In the previous section, we set the scene of what SRE is, what an SRE does and the principles of SRE. In this section, we’ll look at a real world example of SRE, best practices for reliability and troubleshooting and mitigation.
SRE Practices Example in the Real World
Ok enough with the Theory, show me an example of what and SRE does in the real world!
Let’s look at this real world incident from a Postmortem point of view.
An relatively large managed Kubernetes cluster running in a DEV environment with several managed community and custom operators/controllers running.
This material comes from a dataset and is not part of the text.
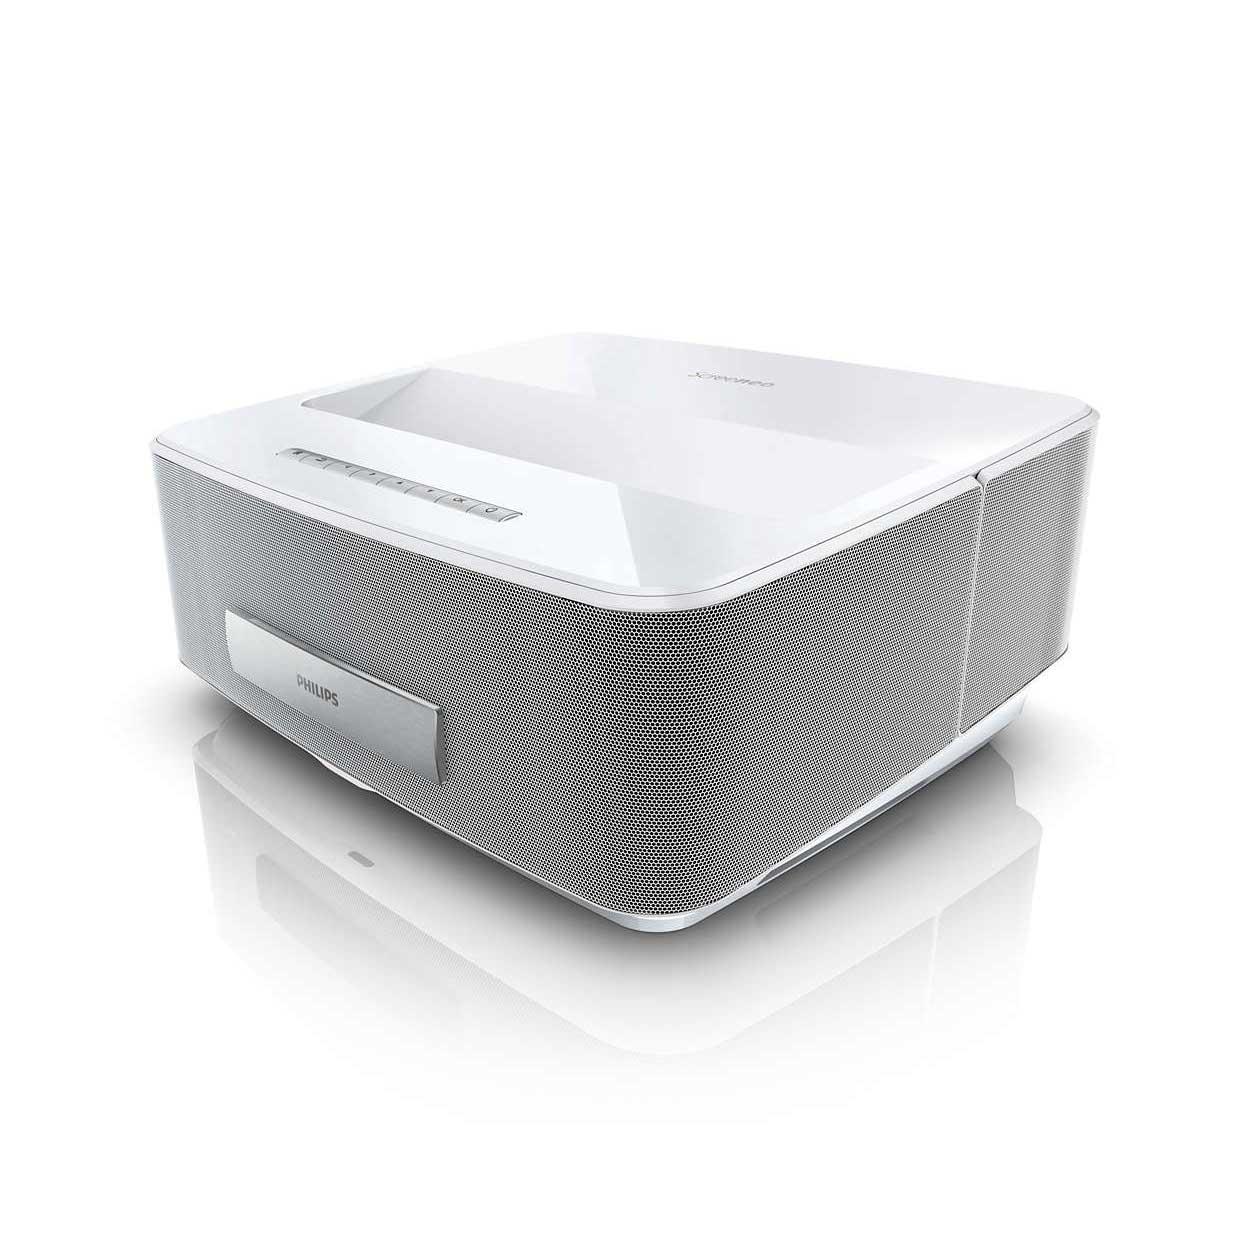 philips screeneo hdp1550 vid oprojecteur philips sur. Black Bedroom Furniture Sets. Home Design Ideas

- Customer’s application’s logging and telemetry delayed reaching our logging & telemetry system
- Customer’s having intermittent timeout issues when performing management tasks on their cluster
- Monitoring system firing several alerts such as
a. delayed logs and metrics coming across
b. latency and errors when talking to api server
c. timeout errors with some of our cluster operators that talk to the api server
- Several Namespaces with customer applications were deleted
- Control plane components memory trend going up — visible via Managed Platform UI only
- Control plane component restarts frequently — visible via Managed Platform UI only
- Non Production Environment
- Internal Customers could not deploy their applications reliably and promote to upper environments (small releases often, so slowing production releases)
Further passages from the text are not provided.